Consumer Action learned that all surveyed cards voluntarily extend Regulation E “type” protections for unauthorized use and error resolution, although these arrangements lack legal requirements and could be changed at anytime, for any reason. Most cards also offer FDIC insurance.

“Given the plethora of fees on prepaid cards, it’s not a simple task to compare one card to another, so we’ve done the legwork to find the ‘gotchas’ to assess how these cards work,” said Linda Sherry, Consumer Action’s director of national priorities.

Consumer Action reviewed 28 general purpose reloadable prepaid cards and found that with a little effort to avoid fees, this fast growing payment and money management tool can help people control spending, make online purchases, and distribute spending money to family members. They don’t require a credit check, generally allow cardholders to recover lost funds and don’t lead to debt. All but American Express’s prepaid cards offer FDIC coverage. American Express cards rely on state transmitter laws to keep funds on reserve.

Unlike credit cards, which loan you money, and debit cards, which draw on your bank account, prepaid cards must be “loaded” with funds before you can use them. The money you spend is deducted and the balance goes down until you reload the card again.

'Gotcha' fees galore

The laundry list of prepaid card fees include charges for cash withdrawal, reloading, balance inquiries, purchase transactions and foreign transactions, monthly maintenance, activation, customer service, using a teller, account closure and more.

Some prepaid fees are particularly hard to stomach:

  • Automated customer service fee: There’s a 50¢ fee for contacting automated customer service on Account Now and NetSpend cards.
  • Inactivity fee: H&R Block, Netspend, Western Union Prepaid and Western Union mun2 charge a monthly penalty fee if you haven’t used the card for a certain period.
  • Declined transaction fee: Seven surveyed cards charge you when your ATM card is declined: Account Now, Bank Freedom, Modern Cash, NetSpend, Paypal, Suze Orman’s Approved Card and Western Union’s mun 2. (ReadyDebit Control charges for declined purchases.)

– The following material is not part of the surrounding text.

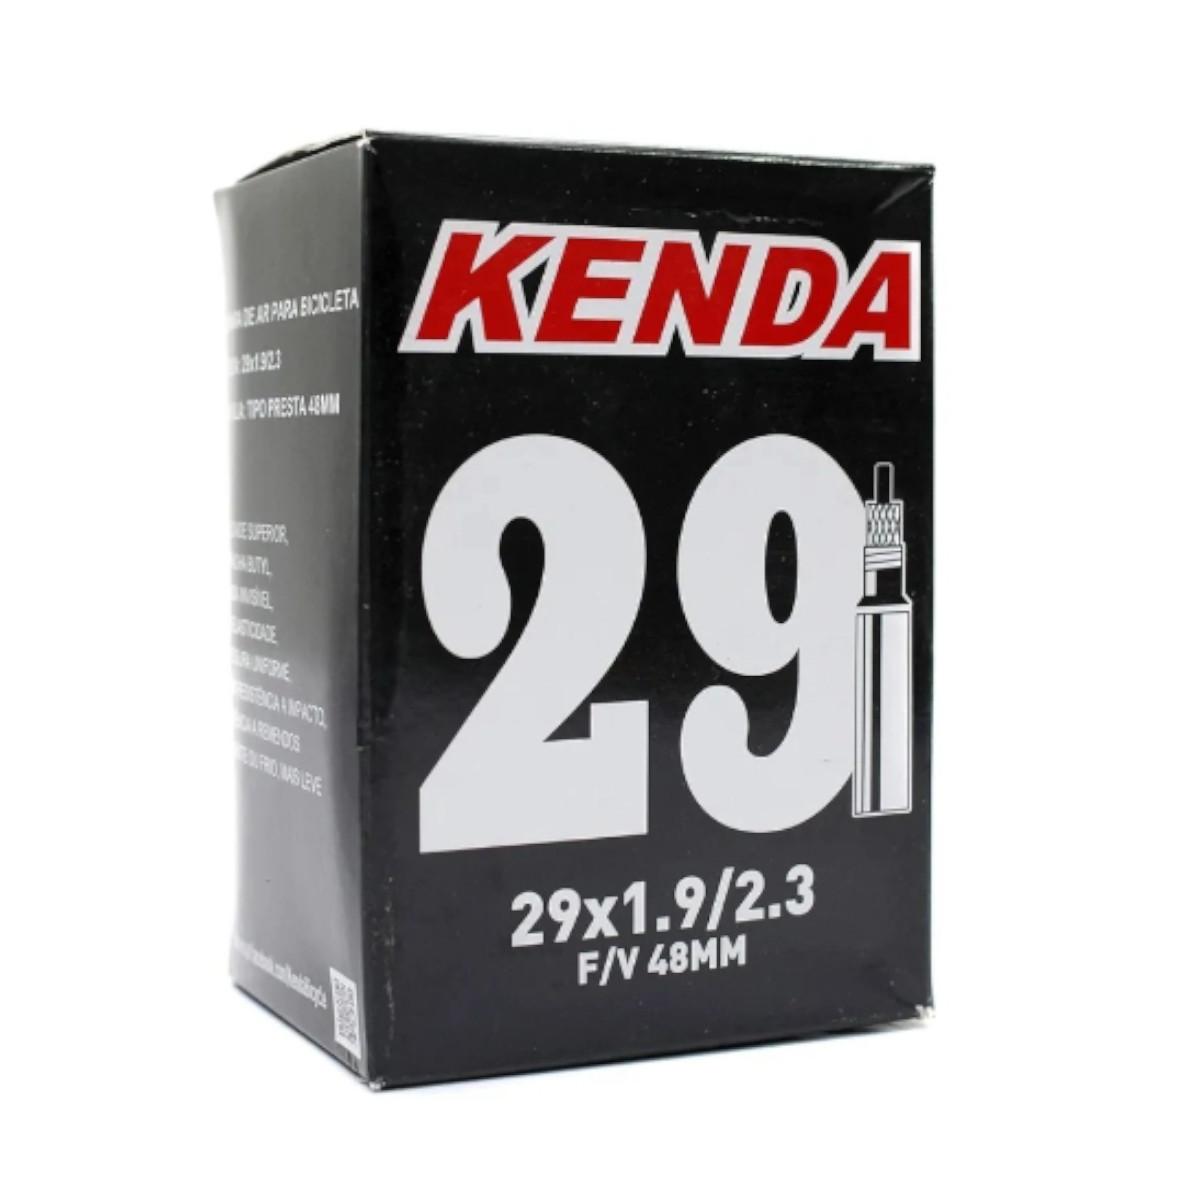 Câmara de Ar Kenda MTB 29 x 1.9 - 2.3 Válvula Presta 48mm

Reload fees. We found that many issuers say they don’t have a fee to load and reload funds on their cards—but consumers who want to load cash must pay up to $4.95 each time they add money. Depending on the card, reload fees may be charged by storefronts owned by the issuer itself (Western Union) or by “cash conversion” services such as Green Dot’s MoneyPak.

Double-dip withdrawal fees. Some cards come with one free monthly ATM cash withdrawal. Others allow cardholders to withdraw cash free at ATMs associated with specific networks. Outside of these freebies, all cards charge a fee to withdraw cash at an unaffiliated ATM and consumers may also face a second fee charged by the ATM’s owner.

Avoiding fees

Tips for cardholders to avoid fees and save a lot of money when using a prepaid card.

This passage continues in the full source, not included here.